We aim in this work to popularize these new surrogate endpoints validation approaches by making the methods available in a user-friendly R package. Thus, we provide in the frailtypack R package numerous tools, including more flexible functions, for the validation of candidate surrogate endpoints, using data from multiple randomized clinical trials. We have especially the surrogate threshold effect which is used in combination with R^2_{trial} to make a decision concerning the validity of the surrogate endpoints. It is also possible thanks to frailtypack to predict the treatment effect on the true endpoint in a new trial using the treatment effect observed on the surrogate endpoint. The leave-one-out cross-validation is available for the assessment of the accuracy of the prediction using the joint surrogate model. Other tools concerned data generation, studies simulation and graphic representations. We illustrate the use of the new functions with both real data and simulated data. - Stijn Vansteelandt (Professor of Statistics. Ghent University, Belgium).
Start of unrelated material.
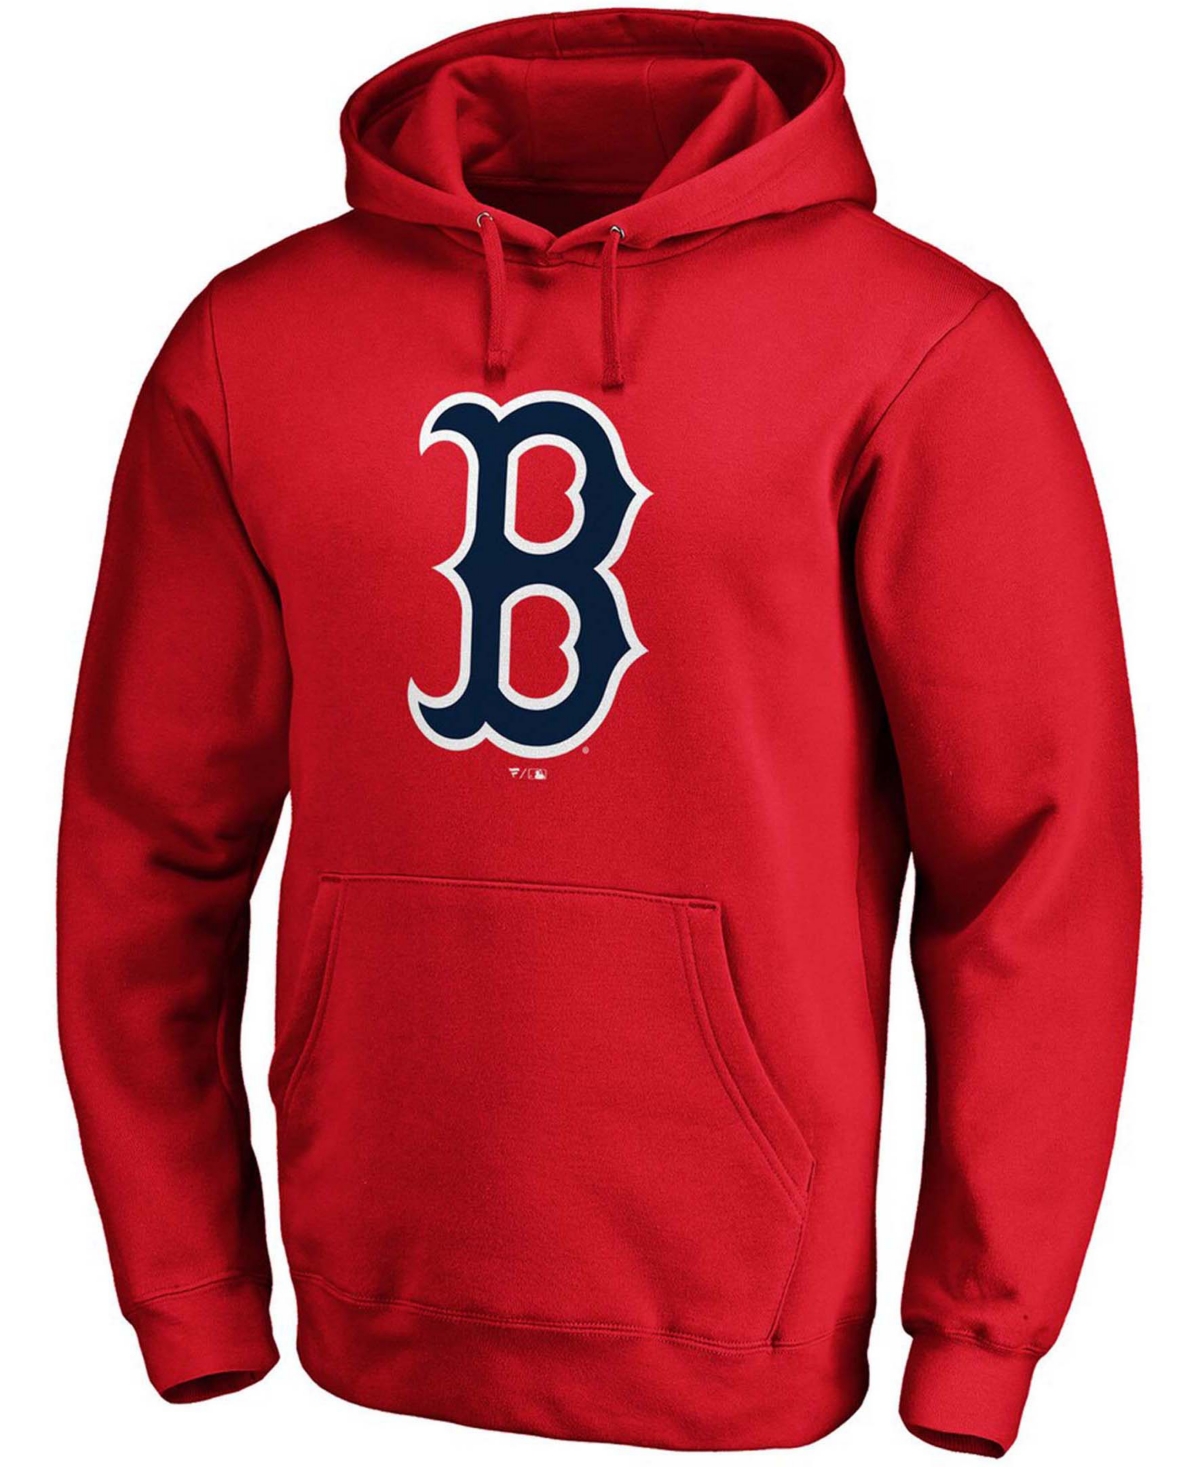 Shop Fanatics Men's Red Boston Red Sox Official Logo Pullover Hoodie

**Assumption-lean Inference for Generalised Linear Model Parameters**

Inference for the parameters indexing generalised linear models is routinely based on the assumption that the model is correct and a priori specified. This is unsatisfactory because the chosen model is usually the result of a data-adaptive model selection process, which induces bias and excess uncertainty that is not usually acknowledged; moreover, the assumptions encoded in the resulting model rarely represent some a priori known, ground truth. Standard inferences may therefore lead to bias in effect estimates, and may moreover fail to give a pure reflection of the information that is contained in the data. Inspired by developments on assumption-free inference for so-called projection parameters, we here propose nonparametric definitions of main effect estimands and effect modification estimands. These reduce to standard main effect and effect modification parameters in generalised linear models when these models are correctly specified, but continue to capture the primary (conditional) association between two variables, or the degree to which two variables interact (in a statistical sense) in their effect on outcome, even when these models are misspecified. We achieve an assumption-lean inference for these estimands by deriving their influence curve under the nonparametric model and invoking flexible data-adaptive (e.g., machine learning) procedures. This talk aims to be broadly accessible, focussing on concepts more than technicalities.This is joint work with Oliver Dukes, Ghent University.